Comment by ramon156
12 hours ago
> The 20 most-changed files in the last year. The file at the top is almost always the one people warn me about. “Oh yeah, that file. Everyone’s afraid to touch it.”
The most changed file is the one people are afraid of touching?
Just like that place that's so crowded nobody goes there anymore.
I've just tried this, and the most touched files are also the most irrelevant or boring files (auto generated, entry-point of the service etc.) in my tests.
Yeah same thing happens with lockfiles and CI configs. You end up filtering out half the list before it tells you anything useful.
I just tried it too and it basically just flagged a handful of 1500+ line files which probably ought to be broken up eventually but arent causing any serious problems.
If it's (like in my case) dependency management, localization or config files, breaking them up will likely only cause more issues. Make sure that it's an actual improvement before breaking things up.
This command needs a warning. Using this command and drawing too many conclusions from it, especially if you’re new, will make you look stupid in front of your team mates.
I ran this on the repo I have open and after I filtered out the non code files it really can only tell me which features we worked on in the last year. It says more about how we decided to split up the features into increments than anything to do with bugs and “churn”.
Good thing that the article contains that warning, then.
Not really strong enough in a post about what to do in a codebase you’re not familiar with. In that situation you’re probably new to the team and organisation and likely to get off on the wrong foot with people if you assume their code “hurts”.
3 replies →
I found it interesting, that Git itself has built in similarity notion... when it packs objects, it groups files by path+size, runs delta cmpression to find which are close.
Very different from just counting commits - https://vectree.io/c/delta-compression-heuristics-and-packfi...
These commands are just about what files to start looking at to understand new codebase.
Better for people to know they're just blindly copying tools and parroting their output as if it's automatically meaningfully.
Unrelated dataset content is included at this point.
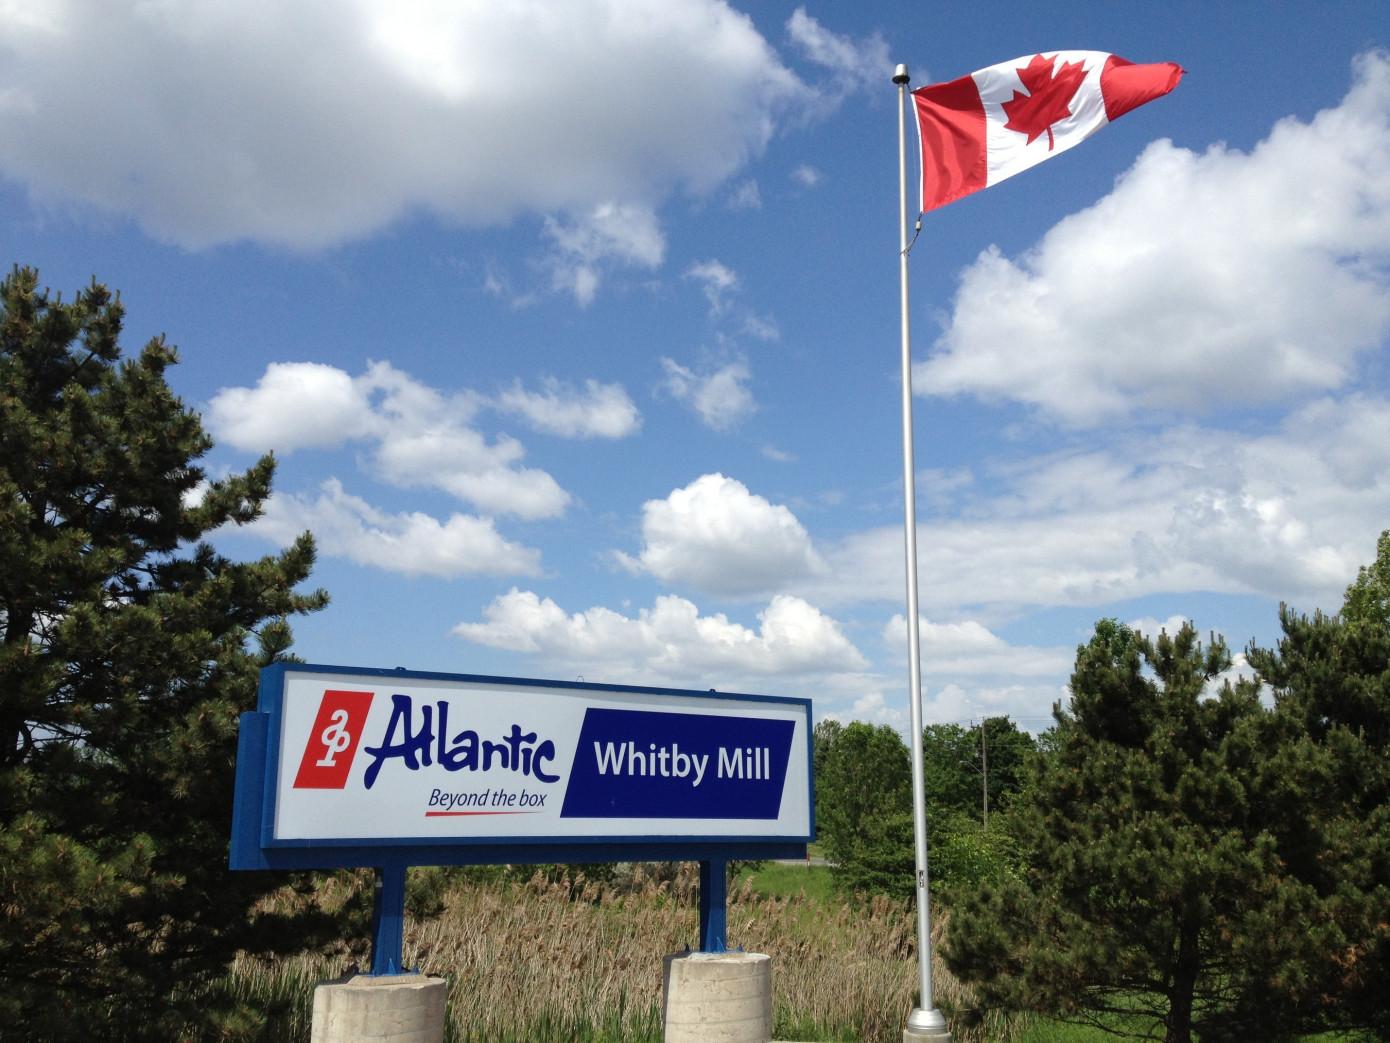 Atlantic Packaging Products установит новую бумагоделательную машину на заводе в Канаде

Any warning against that should be built into the individual, for their own sake
Right? Some of these comments feel “you gave me commands to run and I should be able to turn my brain off to interpret the outputs”. These aren’t newbie commands so the assumption would be that you kinda know what you’re doing at least a little bit. If not, then don’t run them… similar to how you should approach all commands/things from the internet
Plotting Churn against Complexity is far more useful than merely churn.
It shows places that are problematic much better. High churn, low complexity: fine. Its recognized and optimizef that this is worked on a lot (e.g. some mapping file, a dsl, business rules etc). Low churn high complexity: fine too. Its a mess, but no-one has to be there. But both? Thats probably where most bugs originate, where PRs block, where test coverage is poor and where everyone knows time is needed to refactor.
In fact, quite often I found that a teams' call "to rewrite the app from scratch" was really about those few high-churn-high-complexity modules, files or classes.
Complexity is a deep topic, but even simple checks like how nested smt is, or how many statements can do.
Maybe it's a start to find conflict-prone regions ?
otherwise you're right, it could be a long linear list of appends where people are happy to contribute.
Yes. Because the fear is butressed with necessity. You have to edit the file, and so does everyone else and that is a recipe for a lot of mess. I can think back over years of files like this. Usually kilolines of impossible to reason about doeverything.
Definitely not in my experience. The most changed are the change logs, files with version numbers and readmes. I don't think anyone is afraid of keeping those up to date.
pom.xml and package.json came up on couple of separate projects I ran the commands on. Which makes sense because the versions get bumped rather frequently. I guess context matters, as usual.
Yeah, the truth is going to be a lot more subtle than this.
The LLM that wrote the copy is an idiot.
This is such obvious LLM slop.
Could be also that a frequently edited file had most opportunity to be broken. And it was edited by the most random crowd.
In my case, it's .github/CODEOWNERS.
Nobody is afraid of changing it.
Why does github owners need frequent change? Do members in you team change so often?